1. A mechanical push-pull digital display clock device, comprising a control module, a time acquisition module, a drive execution unit, a segmented mechanical display unit, and a position calibration module, characterized in that: The segmented mechanical display unit includes a display substrate and at least four sets of display positions arranged side by side. Each set of display positions includes multiple independent and controllable rigid telescopic segments. The telescopic segments are slidably mounted on the display substrate and have a first state of retracting to be flush with the surface of the display substrate and a second state of protruding from the surface of the display substrate. The multiple telescopic segments are arranged in a predetermined topological pattern. The drive execution unit includes a drive device corresponding to each group of display positions. The drive device is disposed on the back of the display substrate, and its output end is connected to the proximal end of the telescopic section through a motion conversion mechanism.

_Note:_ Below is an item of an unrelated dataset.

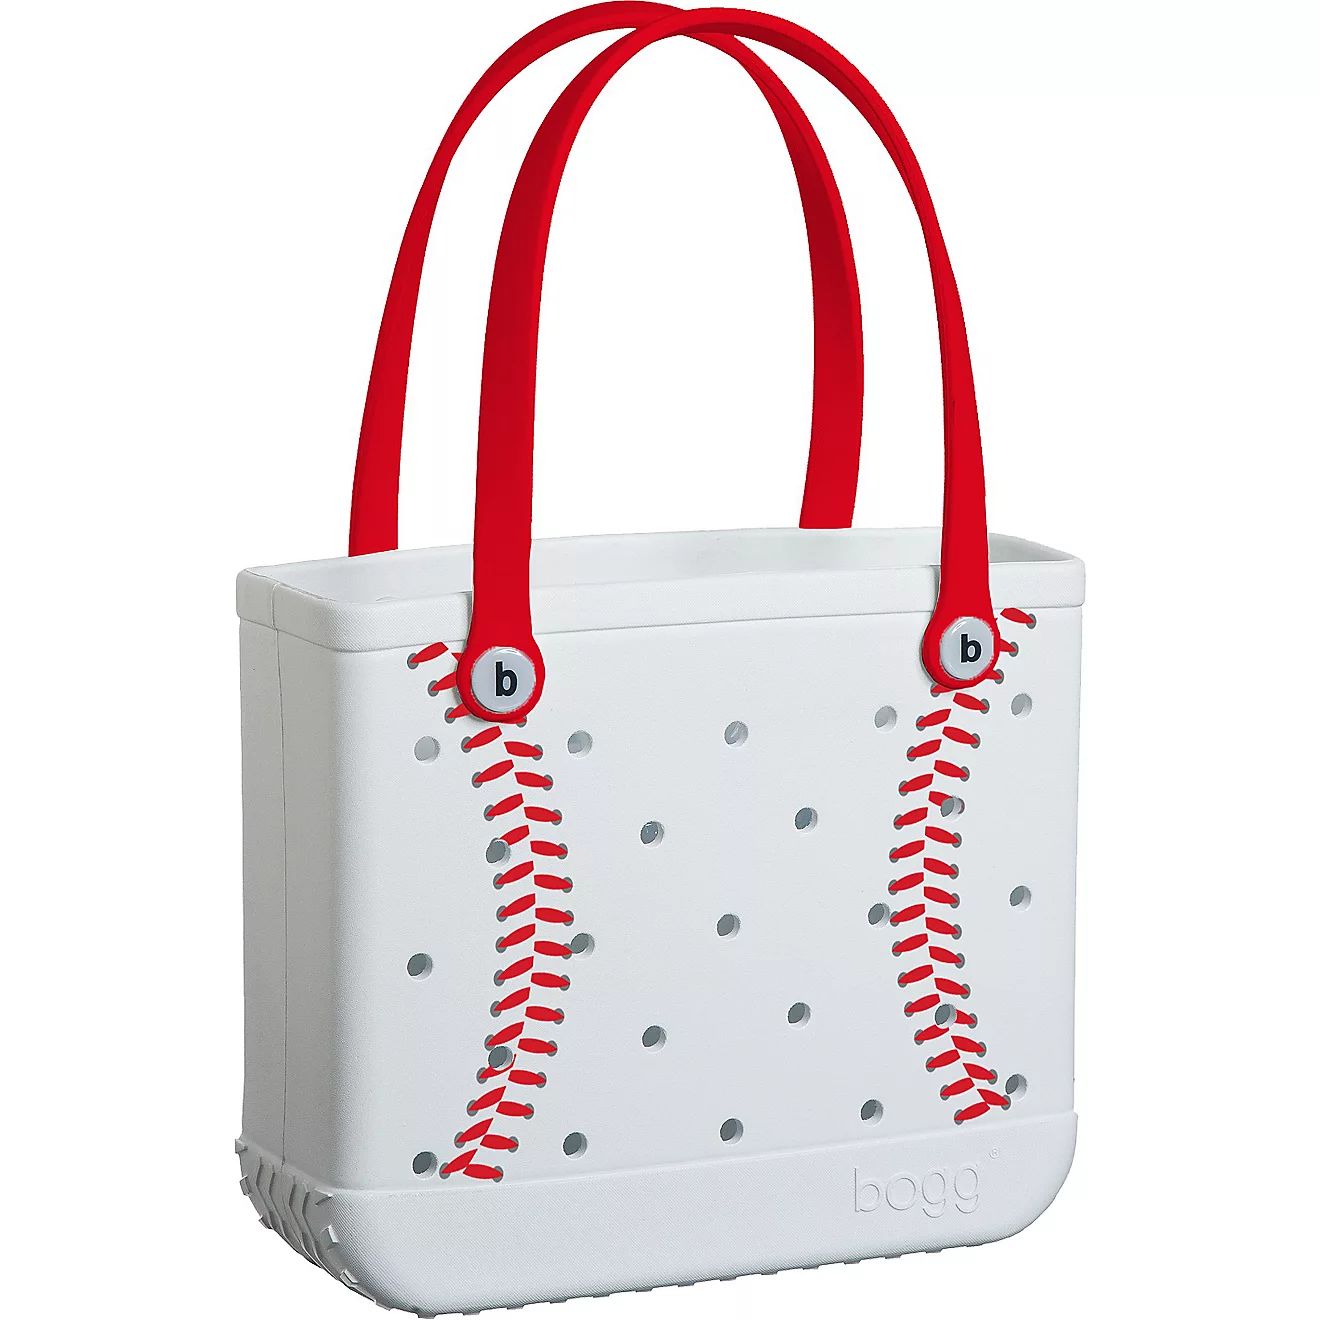 Bogg Bag Baby Homerun Tote Bag | Free Shipping at Academy | Academy Sports + Outdoors
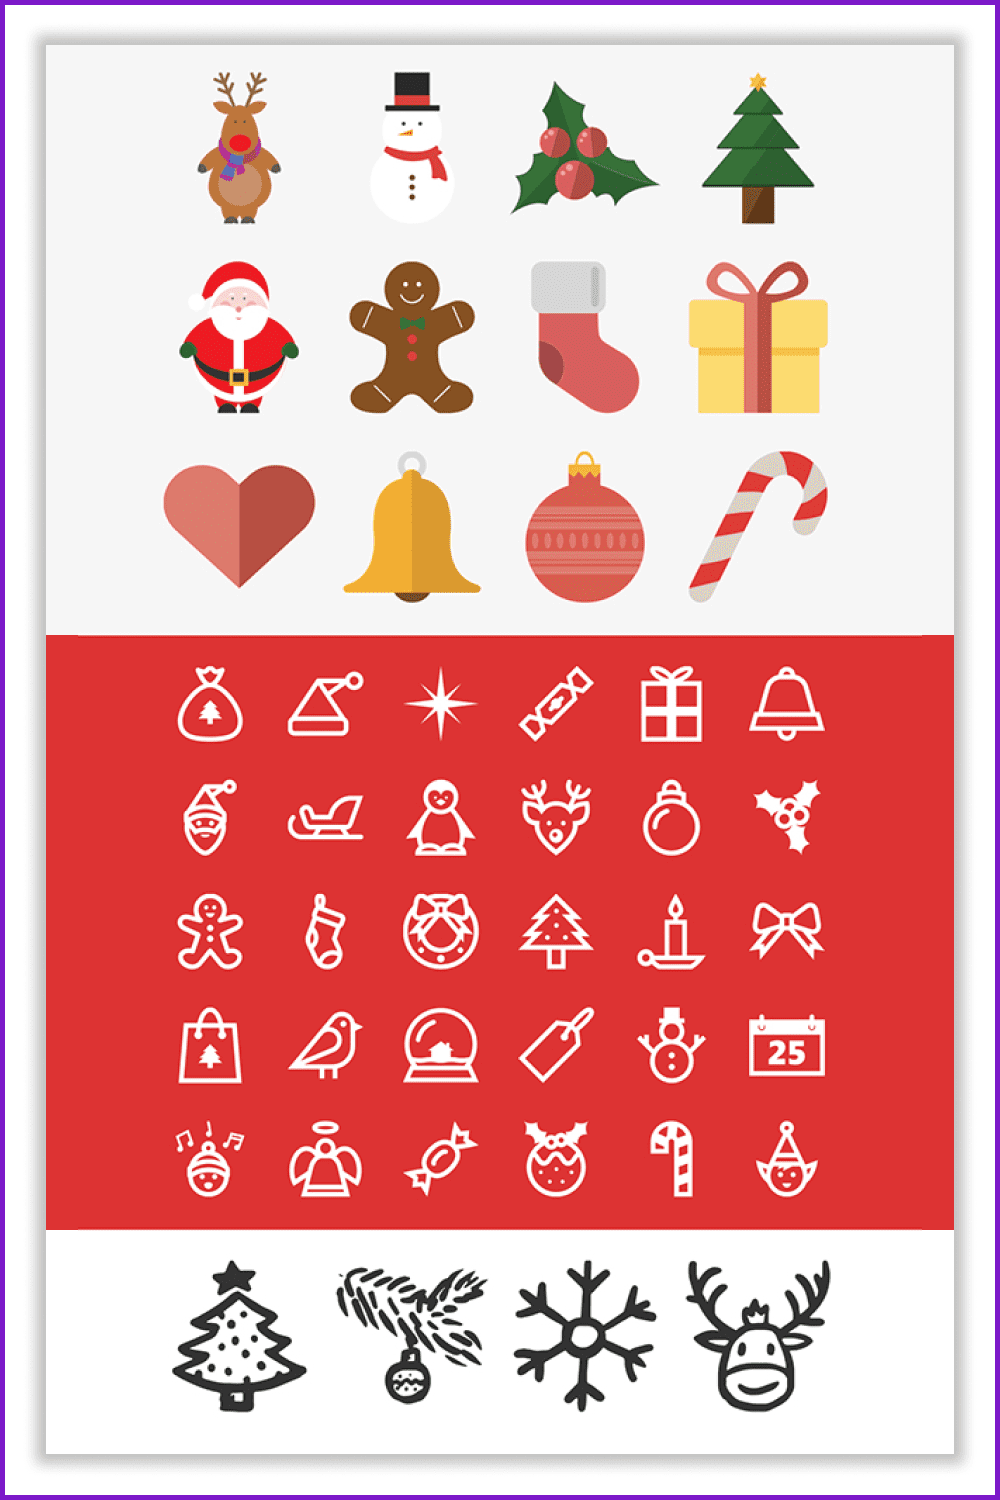 A collage of colored and single-color icons on the theme of Christmas.

The position calibration module includes a marker located at a predetermined zero position of the motion conversion mechanism and a sensor fixedly mounted on the mechanical transmission base plate and corresponding to the marker. The sensor and the driving device are both electrically connected to the control module.

2. The mechanical push-pull digital display clock device according to claim 1, characterized in that: The motion conversion mechanism is a crank-connecting rod mechanism, including a crank fixedly connected to the output shaft of the drive device, a circular sliding end of the connecting rod hinged to the crank, and the other end of the connecting rod connected to the groove of the telescopic section.

3. The mechanical push-pull digital display clock device according to claim 2, characterized in that: The eccentricity of the crank is 3±0.1mm.

4. The mechanical push-pull digital display clock device according to claim 1, characterized in that: The motion conversion mechanism is an electromagnetic direct drive mechanism, including an electromagnetic coil electrically connected to the control module and a permanent magnet fixedly connected to the near end of the telescopic section. The permanent magnet is magnetically coupled to the electromagnetic coil, and an elastic reset element that provides a reset force is sleeved on the telescopic section.

5. The mechanical push-pull digital display clock device according to claim 2 or 3, characterized in that: One end of the connecting rod is connected to the groove of the telescopic section through the guide groove of the front mechanical transmission base plate, and the other end of the connecting rod is connected to the guide groove of the rear mechanical transmission base plate.

6. The mechanical push-pull digital display clock device according to claim 5, characterized in that: The width of the guide groove is 4±0.05mm.

7. The mechanical push-pull digital display clock device according to any one of claims 1 to 4, characterized in that: The marker is a magnet, the sensor is a magnetic field sensor, and the installation gap between the magnet and the magnetic field sensor is no more than 2mm.

8. The mechanical push-pull digital display clock device according to any one of claims 1 to 4, characterized in that: The predetermined topology pattern is a seven-segment display pattern.